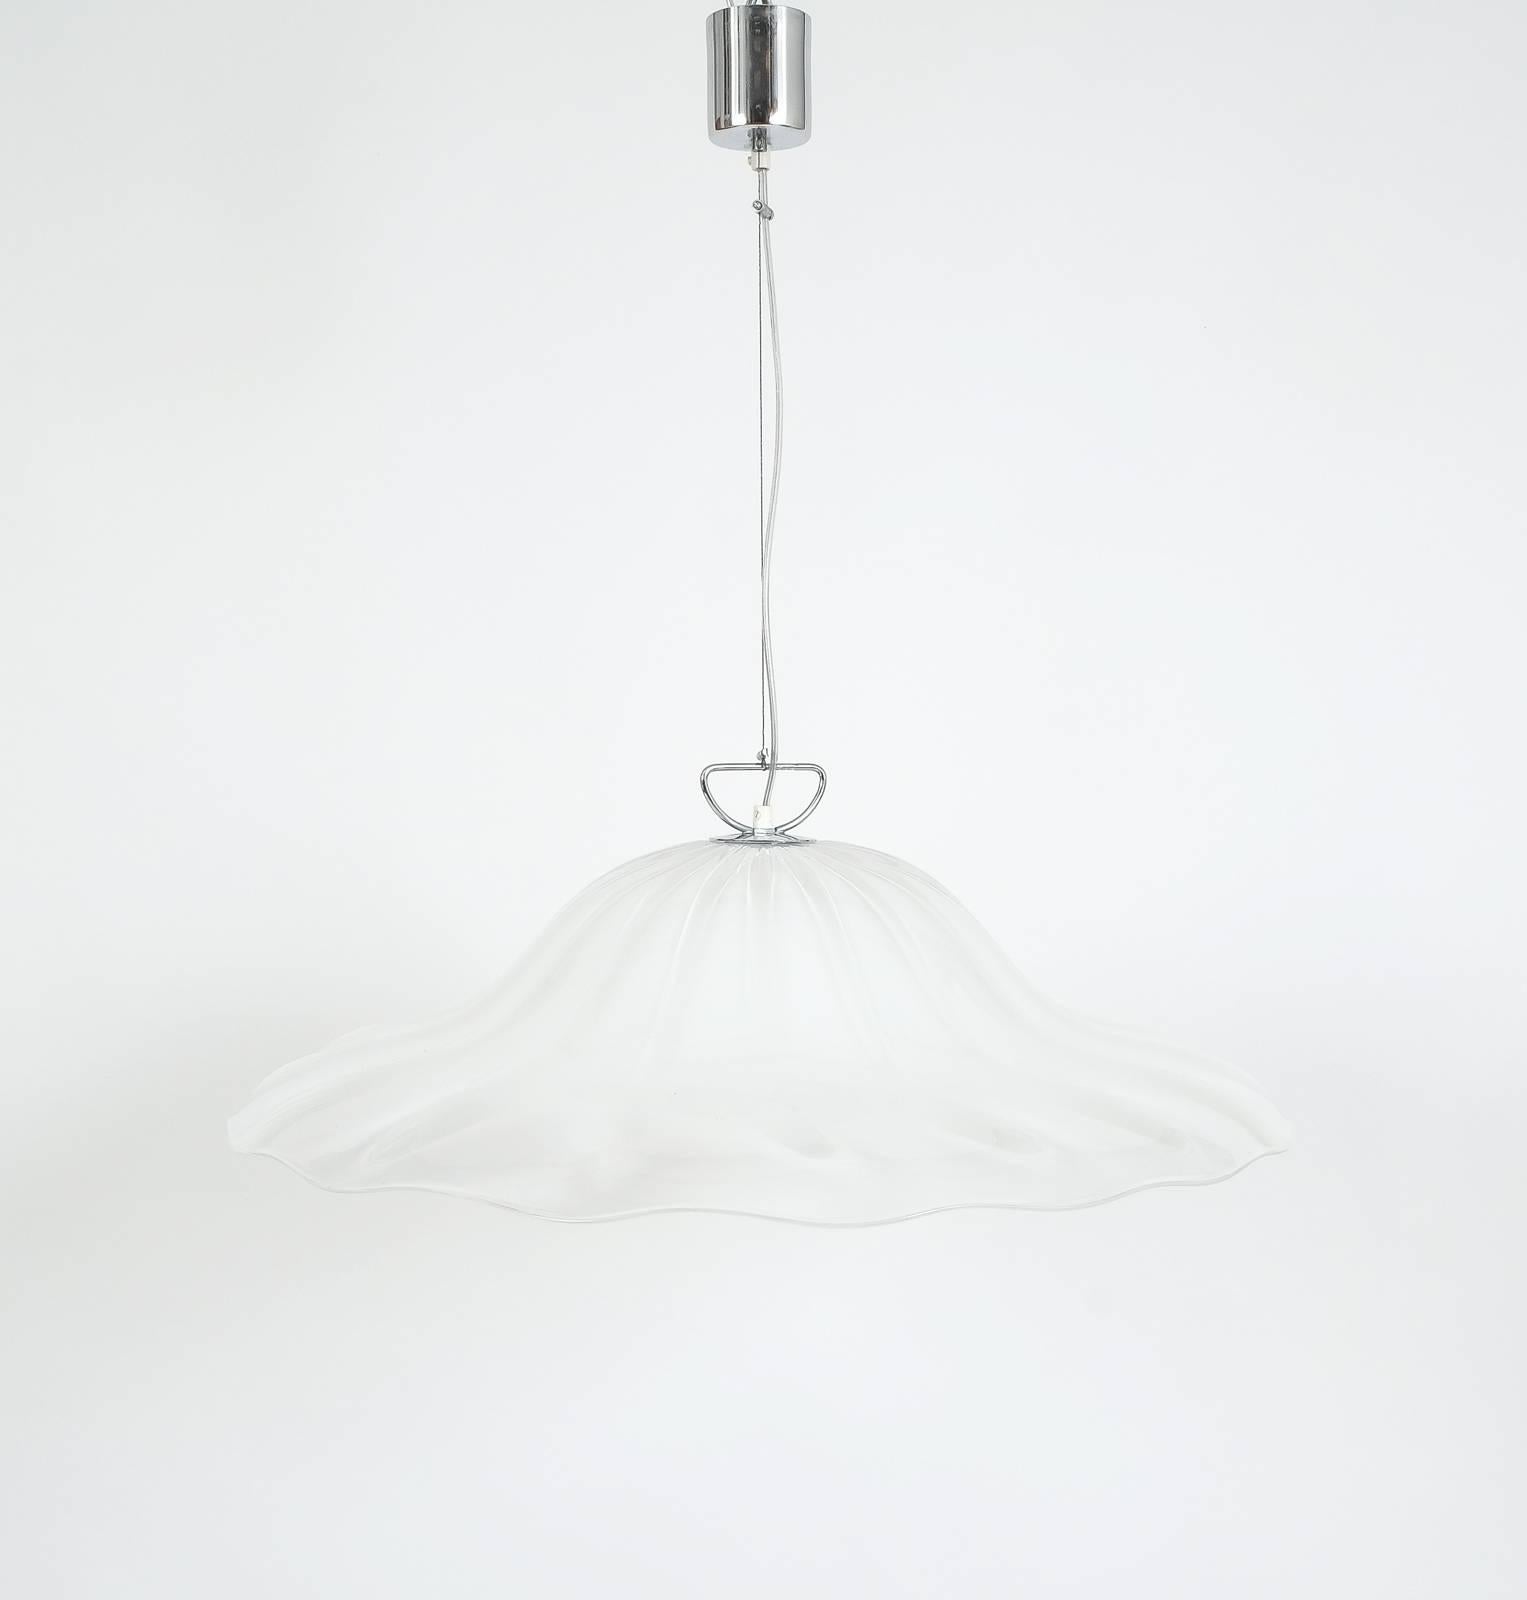 J.T Kalmar Large Kiriglas Glass Pendant Lamp Ceiling Light, Austria circa 1965. Large 26
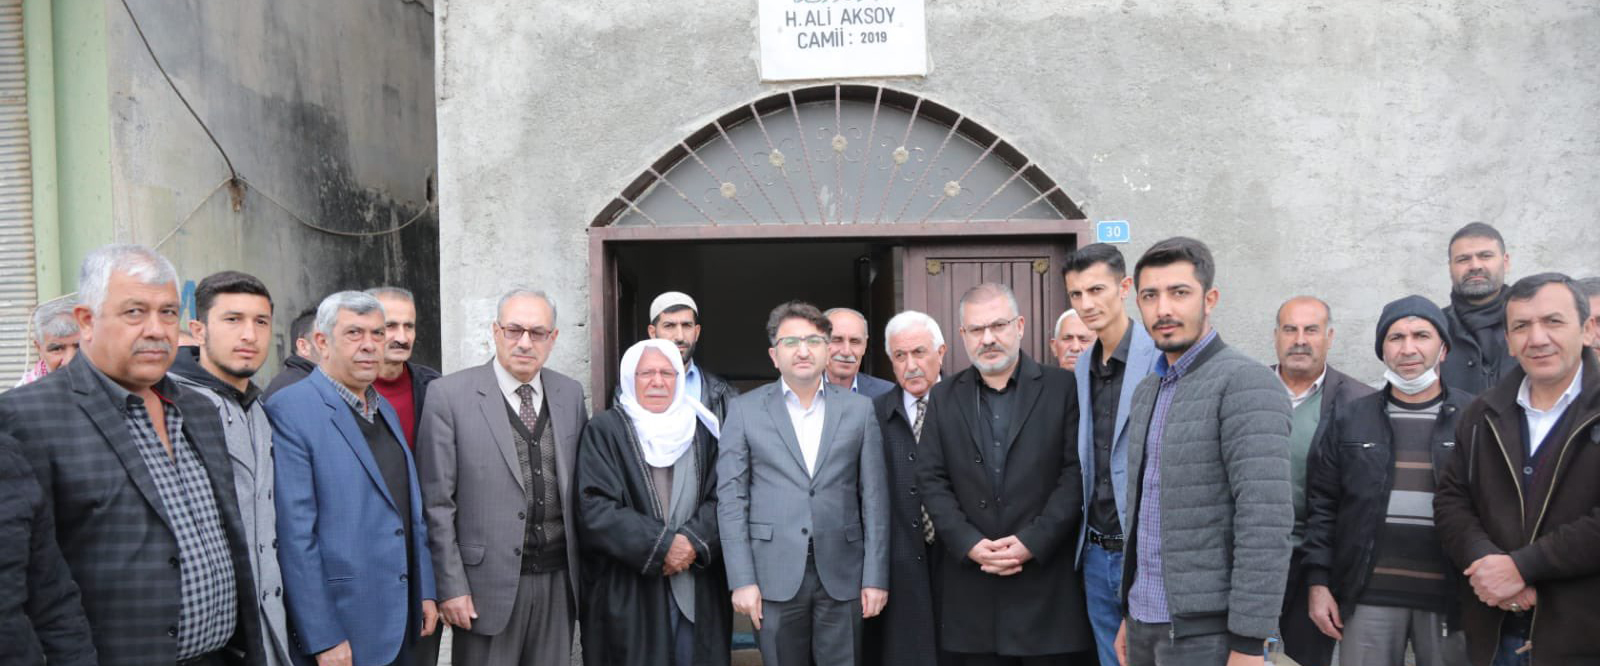 Hacı Ali Aksoy Camii ibadete açıldı
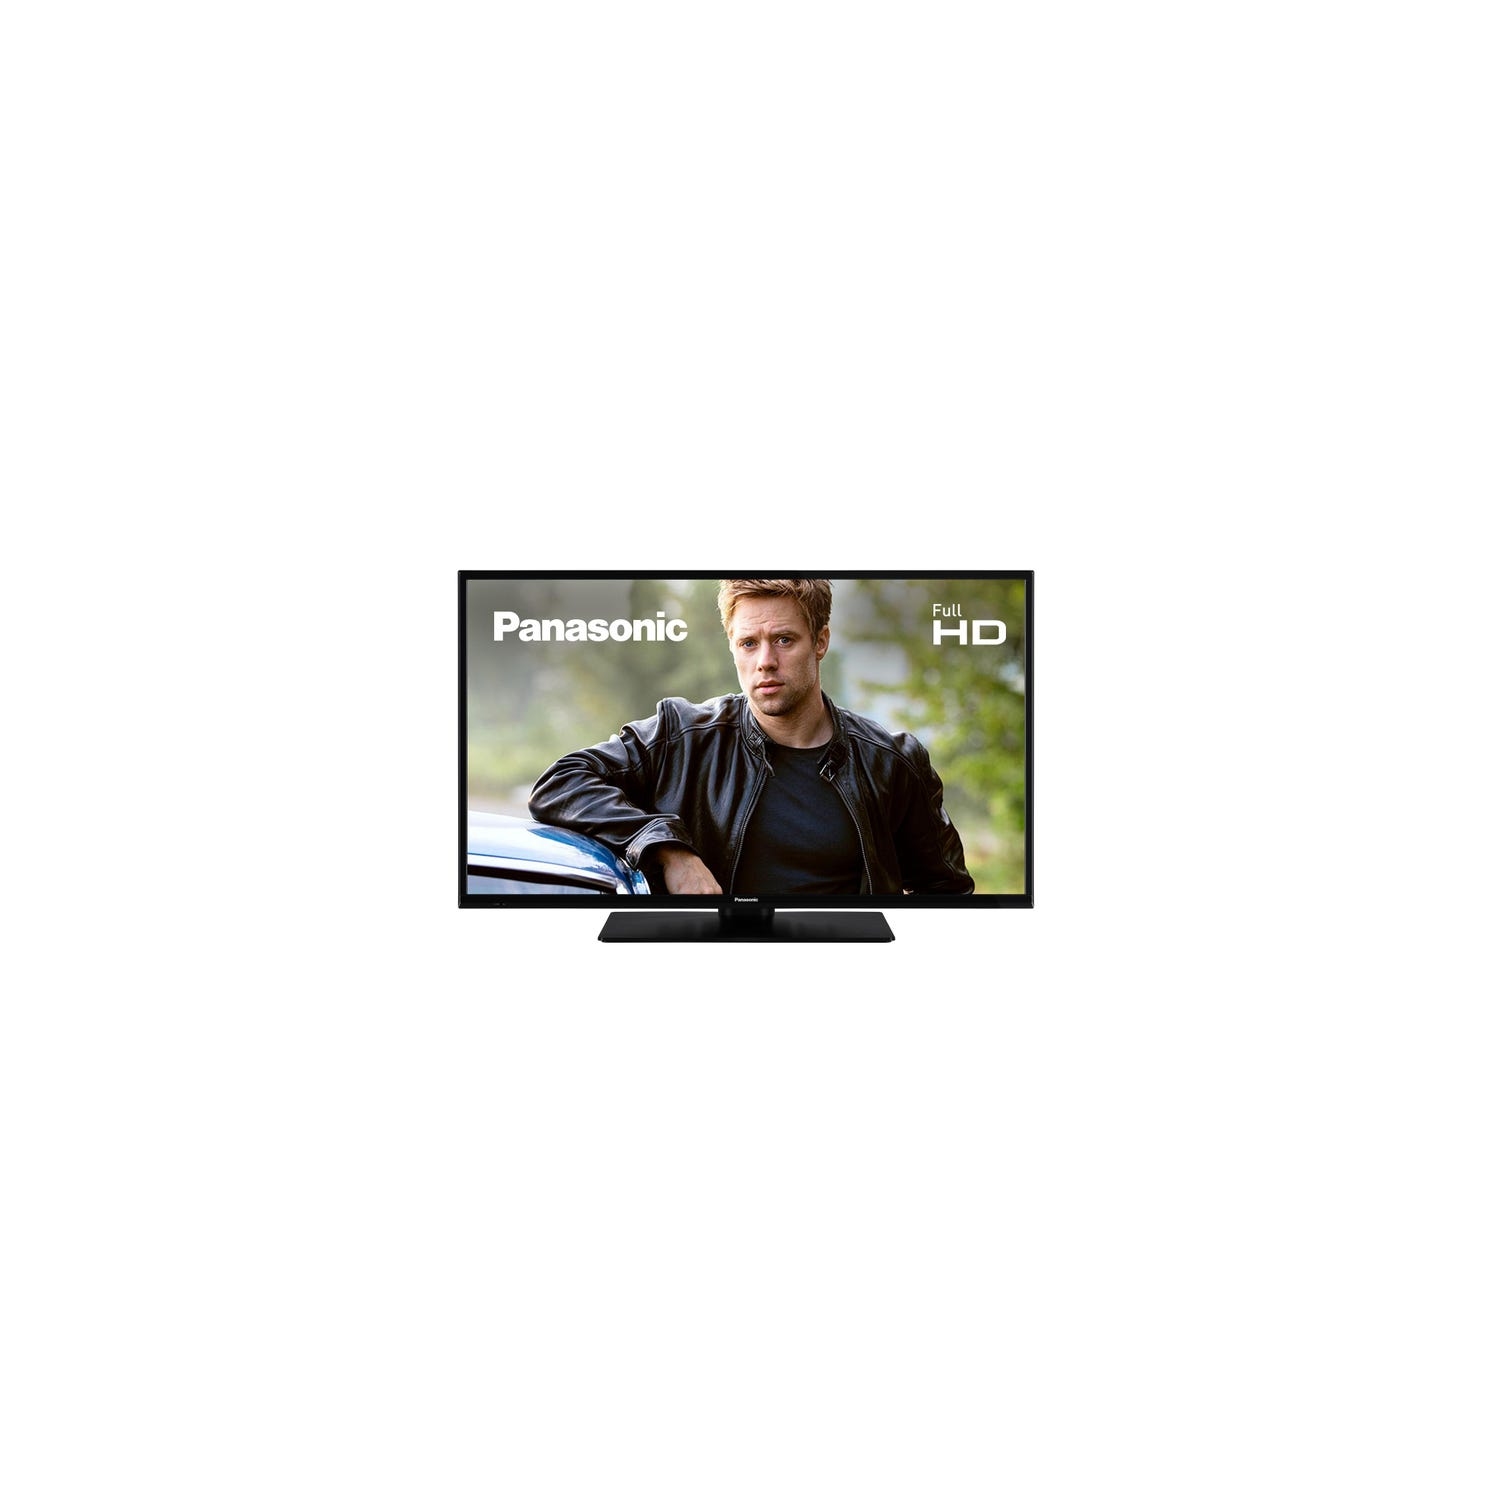 Panasonic 43" Full HD LED TV with Freeview HD - TX-43G301B  NEW 2020 - 0
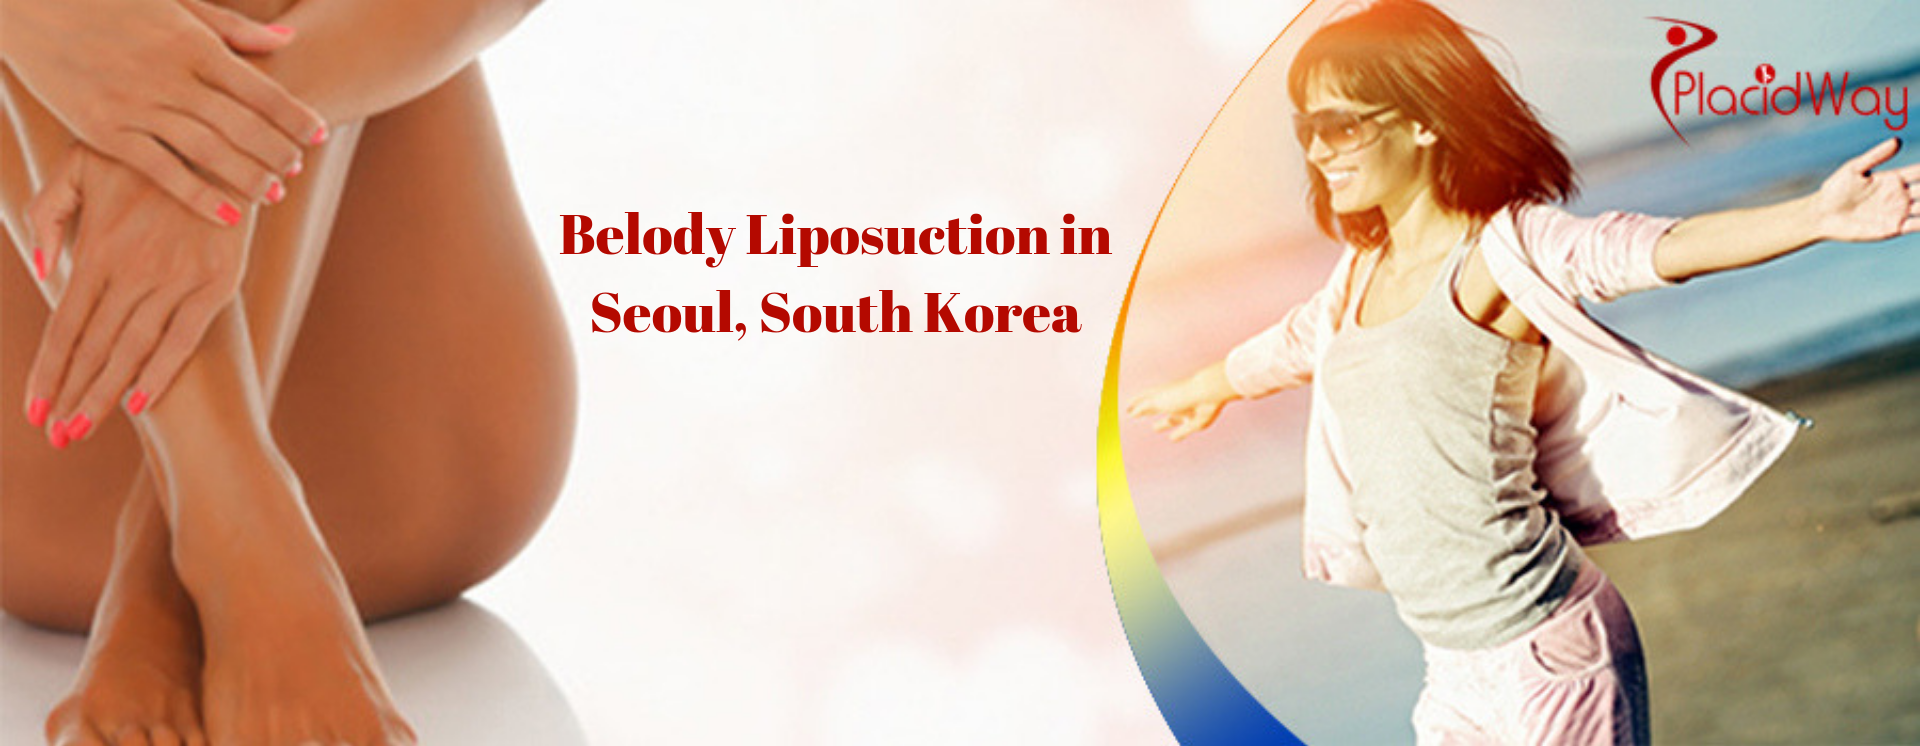 Belody Liposuction in Seoul, South Korea

- - - - -

Precisely the lines from the one containing "NEW 2020 - 0" to the end of the data above, both included, should be printed; leave the pictures out.

 Panasonic 43" Full HD LED TV with Freeview HD - TX-43G301B  NEW 2020 - 0
 Belody Liposuction in Seoul, South Korea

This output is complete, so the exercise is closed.